(Supplied material Opens)
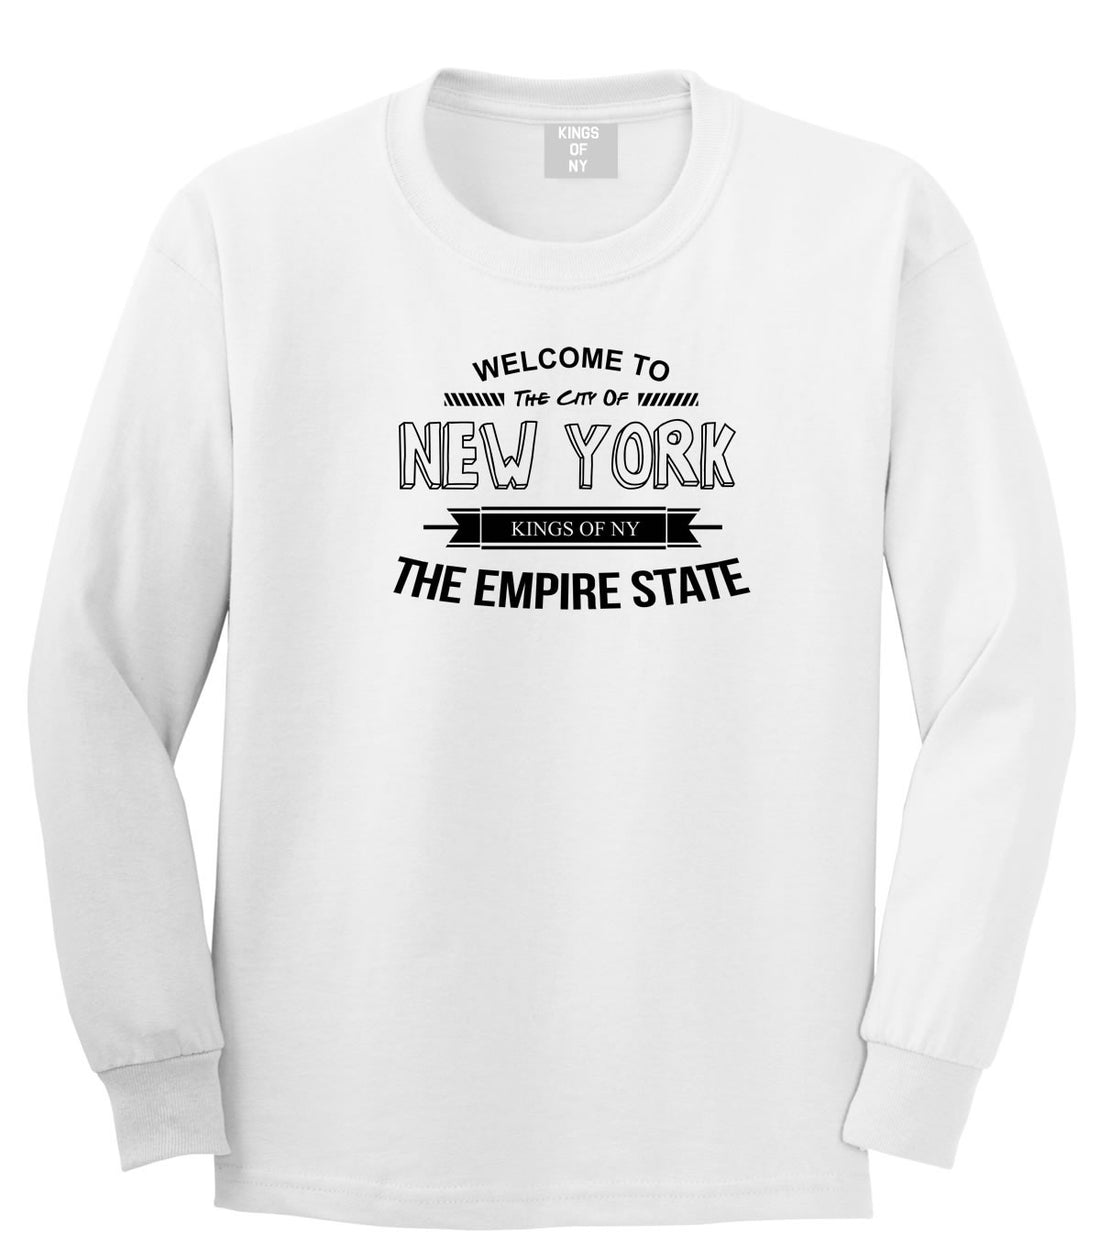 Empire State New York Long Sleeve T-Shirt in White by Kings Of NY
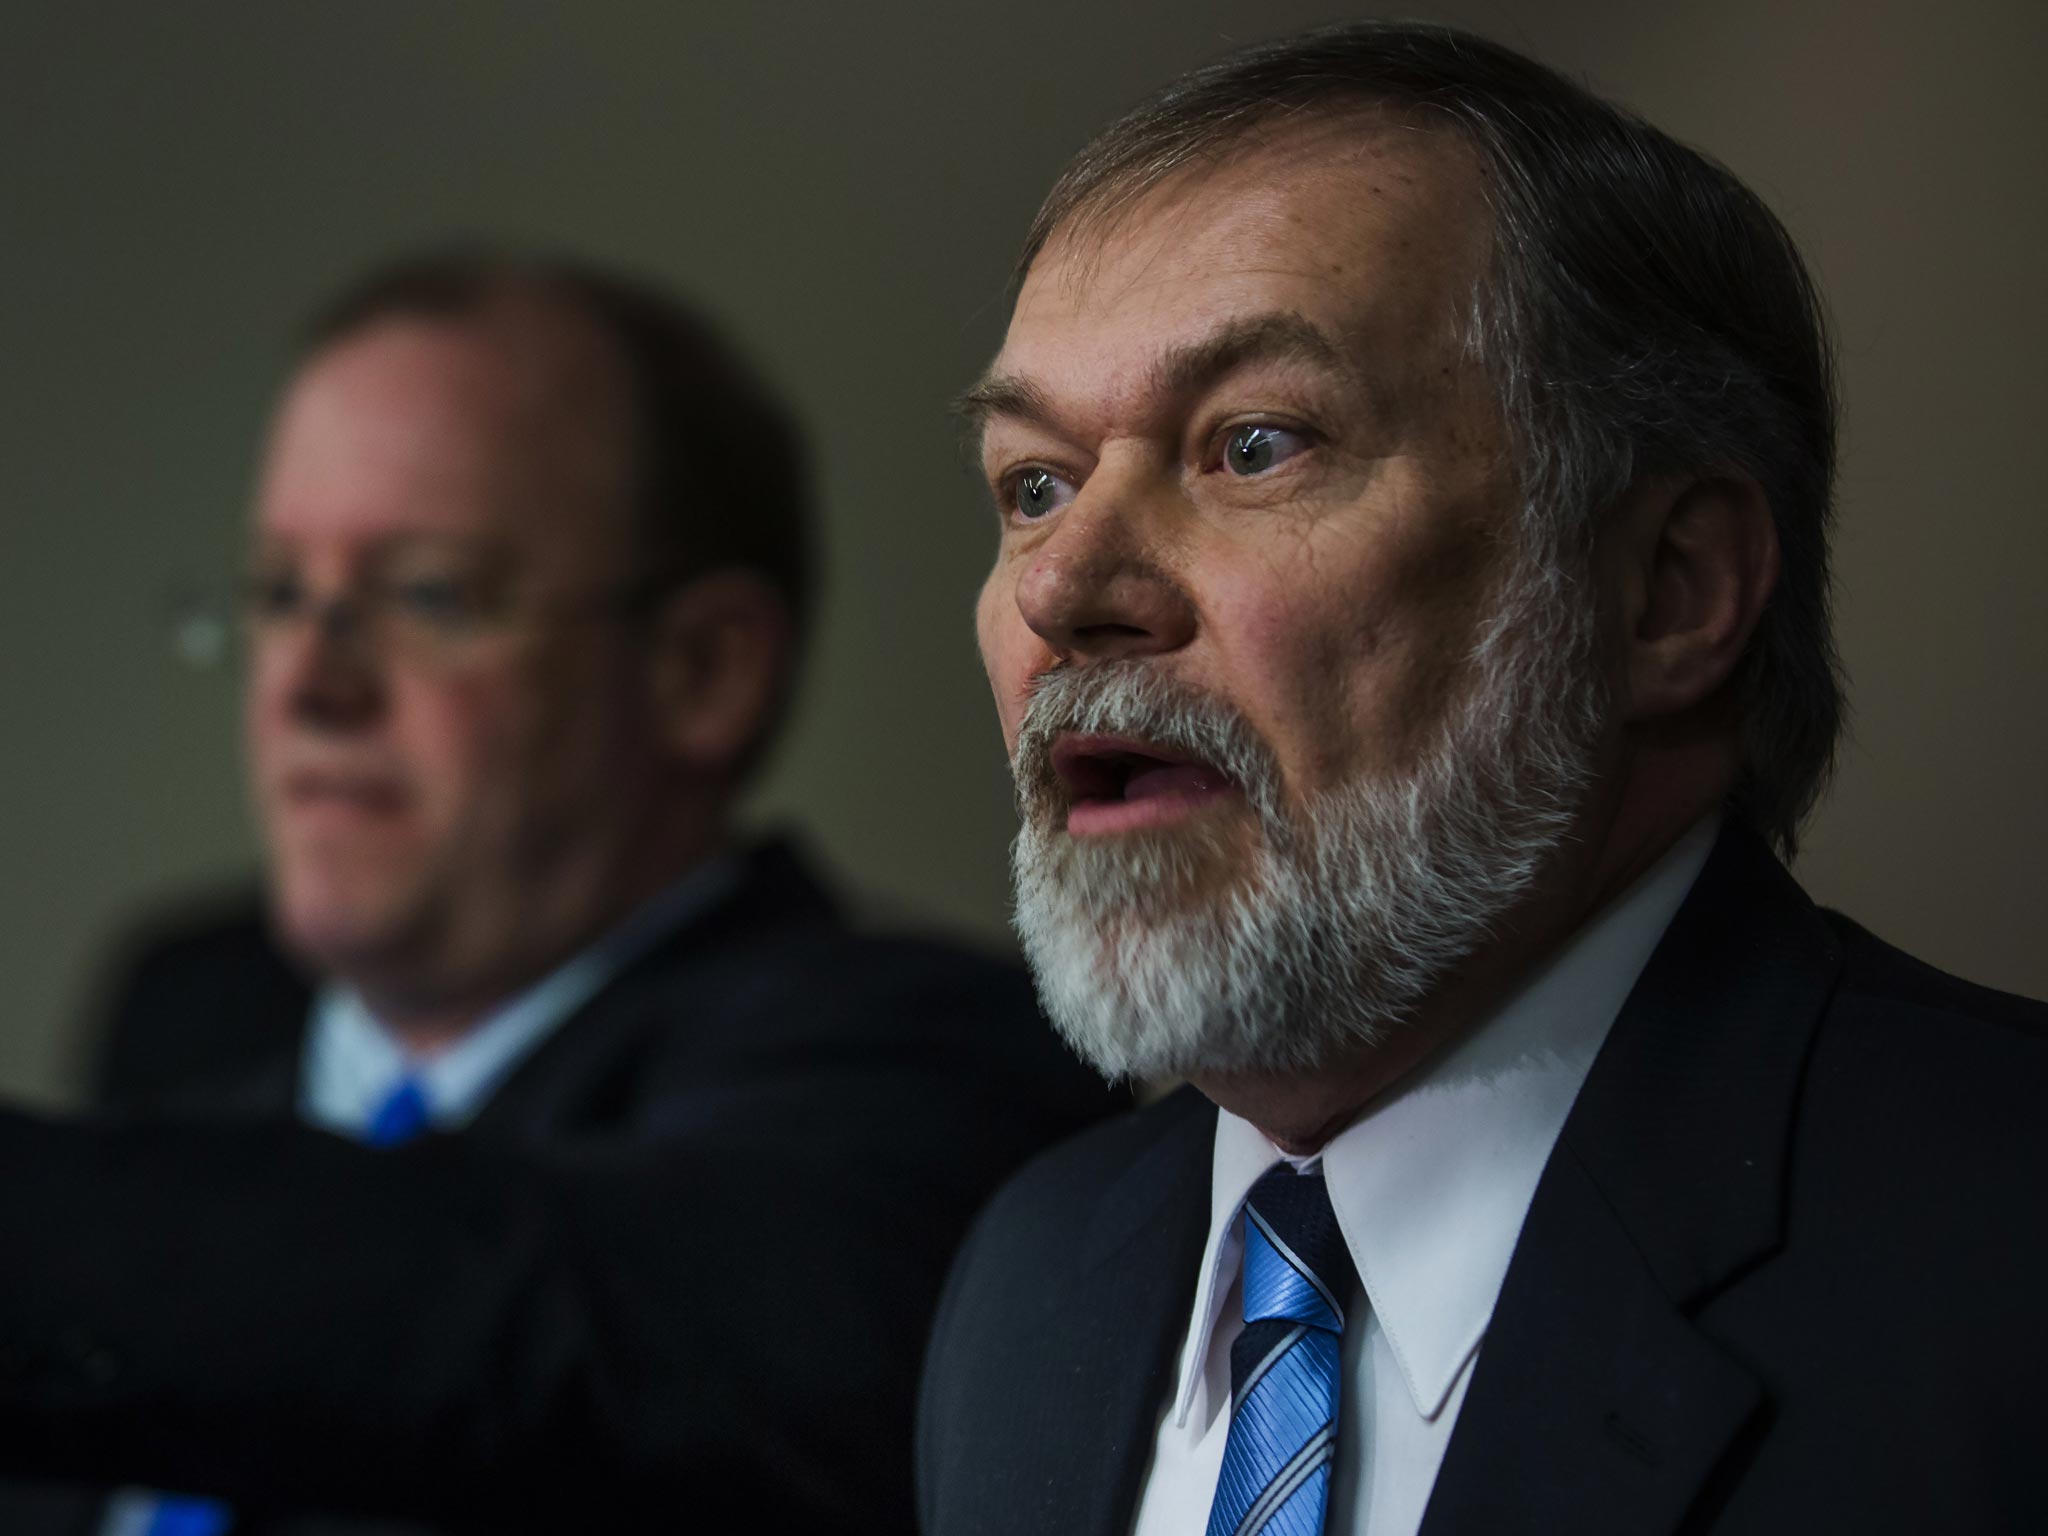 Scott Lively, president of the anti-LGBT rights group Defend the Family
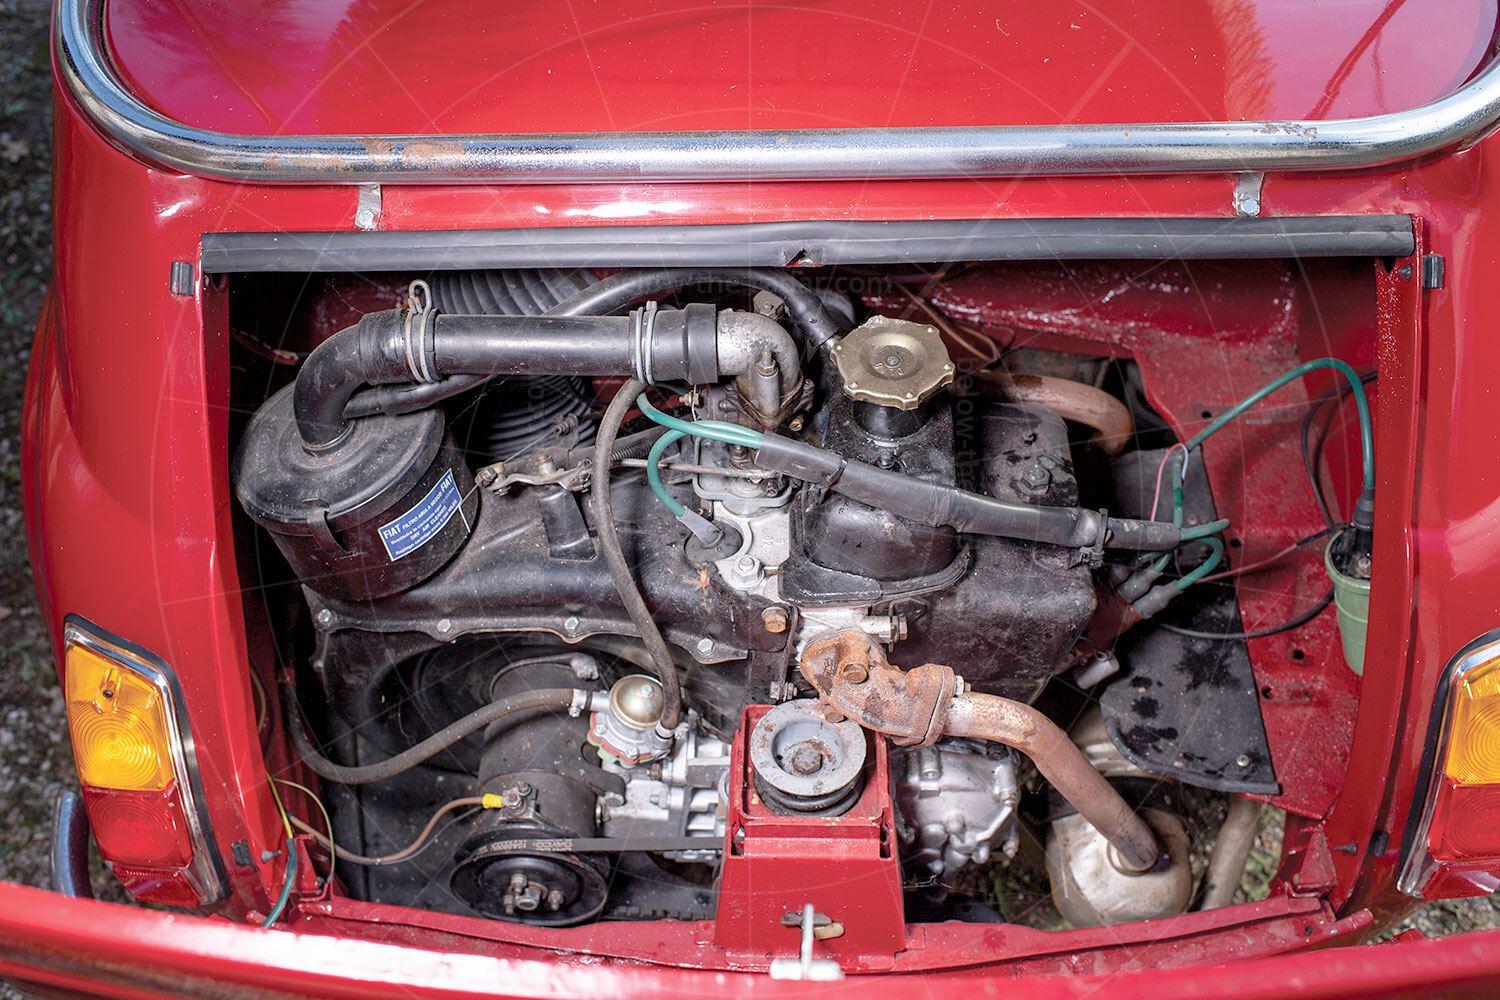 Fiat 500 Jolly engine bay Pic: RM Sotheby's | Fiat 500 Jolly engine bay
(Supplied material Closes)
Task objective: Everything in the listing above must be restated word for word, except the images.

Exercise result:
 Empire State New York Long Sleeve T-Shirt in White by Kings Of NY
 Scott Lively, president of the anti-LGBT rights group Defend the Family
 Fiat 500 Jolly engine bay Pic: RM Sotheby's | Fiat 500 Jolly engine bay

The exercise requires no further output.